JULY 2006 • VOLUME 11 • ©HORSES For LIFE™ Magazine


A Little Yellow Horse

           For me, It all started about 10 years ago with a little yellow horse, a horse that had been mishandled if not to say abused for most of his life. His body was a mess, his mind was one continuous stream of defense based responses and to ride him was like riding 13 different horses, all agreeing on only one thing – attack was the best line of defense. And if that failed, evade, evade, evade….

Juno, as I came to call him, had been placed in my care, as far as I could tell, almost as a joke. His owner was fed up and had given up on him. Her trainers and riders showed him nothing but contempt, and he returned the favour in kind, tenfold. Biting, kicking, bolting, bucking…Well, I was new in town and looking for a ride, so I was willing and keen enough. I ignored the chuckles and long slanted looks and went to meet my new mount…

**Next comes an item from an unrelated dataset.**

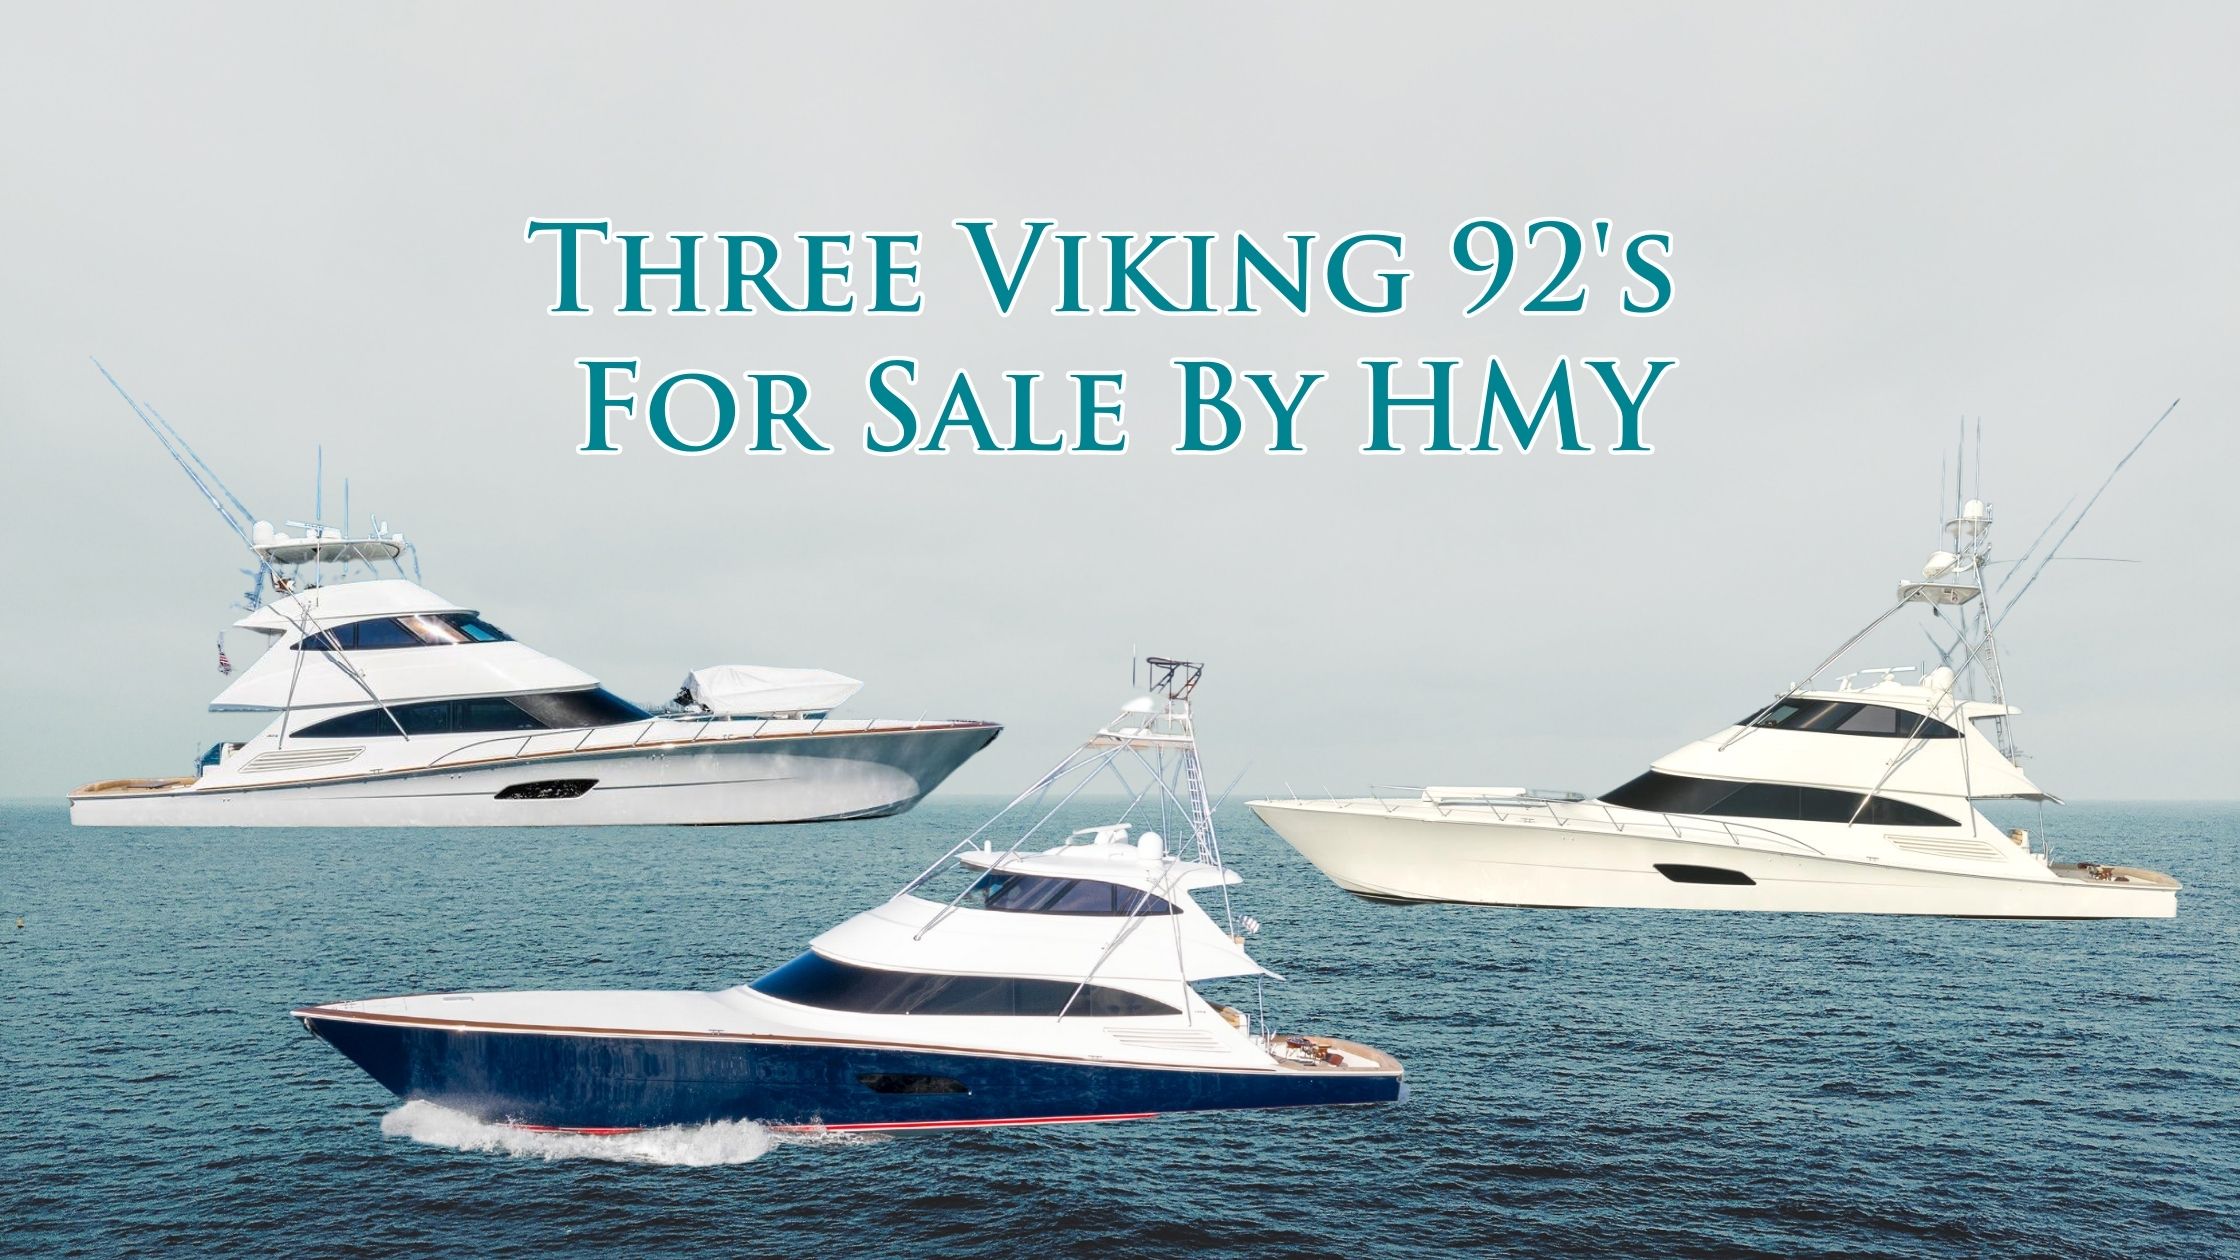 3 Viking 92’s For Sale By HMY

 Long story short, he and I got along just fine, somehow I connected with him right away and he never did hurt me like he had others. I never did get a buck out of him and if anything had a little trouble getting all 13 horses to agree to move forward at more than a jog – they seemed to prefer to go in all directions at once, and slowly, at that.

Canter in either direction was a disunited mess, and using his topline was out of the question, according to all 13 committee members. A soft and elastic contact meant he didn’t throw his head for 3 strides, and a good ride was when we accomplished and maintained something more than a jog with relative ease.

One by one I dismantled his manifold defenses, from the ground up.  In the meantime, I found a job as assistant to a staunch ‘classical’ dressage trainer, and was relieved when eventually Junos’ owner allowed me to move him to my trainers facility. Not only would it be time saving, but I was convinced getting him out of the hostile environment could only further my cause.

We commenced with lessons with my trainer. Holding to classical ideals, absolutely no gimmicks or gadgets were ever involved, no matter how tempting they might have been – he had already seen most every one of them anyway, as a large mass of scartissue and an obvious break at C-3 attested to. Canter remained a mess, it was cause for exhilaration if we got as little as 5 true strides before he broke to the piggly-wiggly. Trot was still an education in evasions and though contact improved as he learnt to trust my hands and the soft white rubber bit, connecting one end to the other seemed a very long, long way off.